The primary audience for this macabre spectacle will not be the courts. Republicans have learned that even the most conservative judges are hesitant to throw out an election based on manufactured evidence of fake fraud. Instead, their audience will be partisan officials responsible for counting ballots and certifying elections. These officials — ranging from county canvass board members to secretaries of state and governors — are responsible for tallying the polling place vote totals and creating a countywide or statewide certified election result.
In 2020, we saw Trump and his allies target these officials to persuade them not to certify the election results. Those efforts failed because there was simply not enough evidence of fraud to justify the overturning of a free and fair election. The Republican strategy is clear — manufacture fake fraud to undermine the results of free and fair elections. The question is whether our institutions are prepared to confront this new reality.
For starters, Democrats and those in the pro-democracy movement must aggressively challenge these new laws in the courts. We must not let new efforts to limit and needlessly complicate voting go unchallenged. For that reason, my legal team is currently suing Arkansas, Florida, Georgia, Iowa, Kansas, Montana and Texas over their new laws aimed at restricting voting rights.

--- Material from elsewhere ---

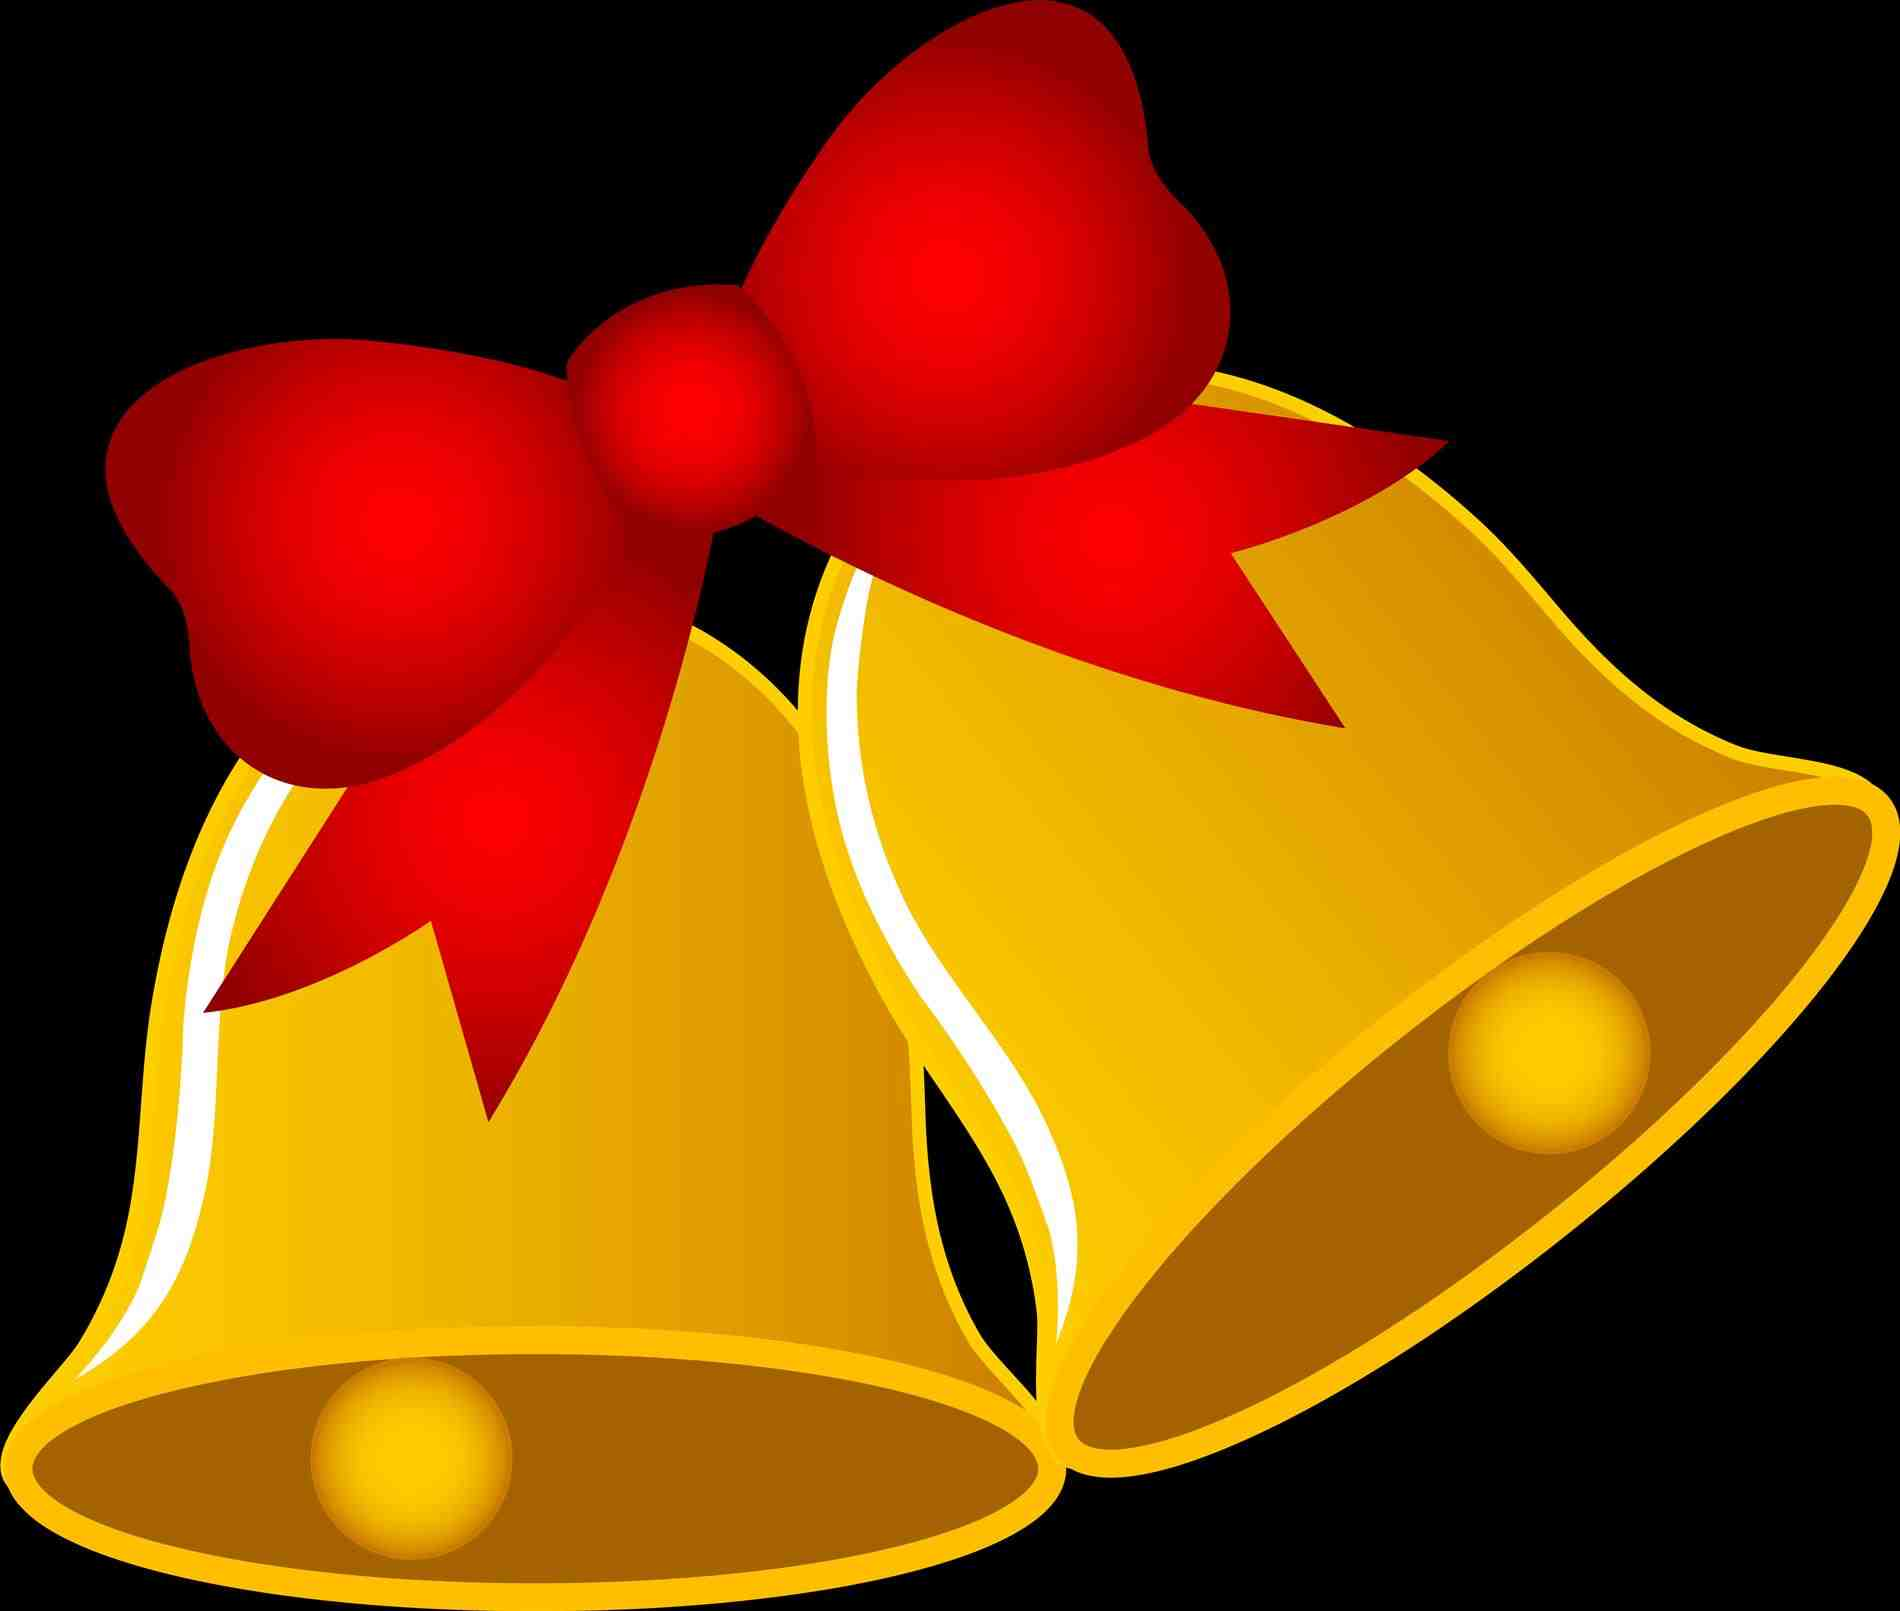 1900x1611 Gold Christmas Ornament Clip Art Cheminee.website

The media must adopt a pro-democracy perspective on its reporting on these laws. It is not good enough for the media to be objective and report on both sides as morally equal. The media needs to expose these laws that manufacture fraud and the right-wing’s fake fraud narrative.
Finally, Congress needs to enact new voting rights legislation that expands voting rights and protects the election certification process. Only Congress can enact national legislation to stamp out the scourge of fake fraud now infecting state election codes. The time is now for it to act.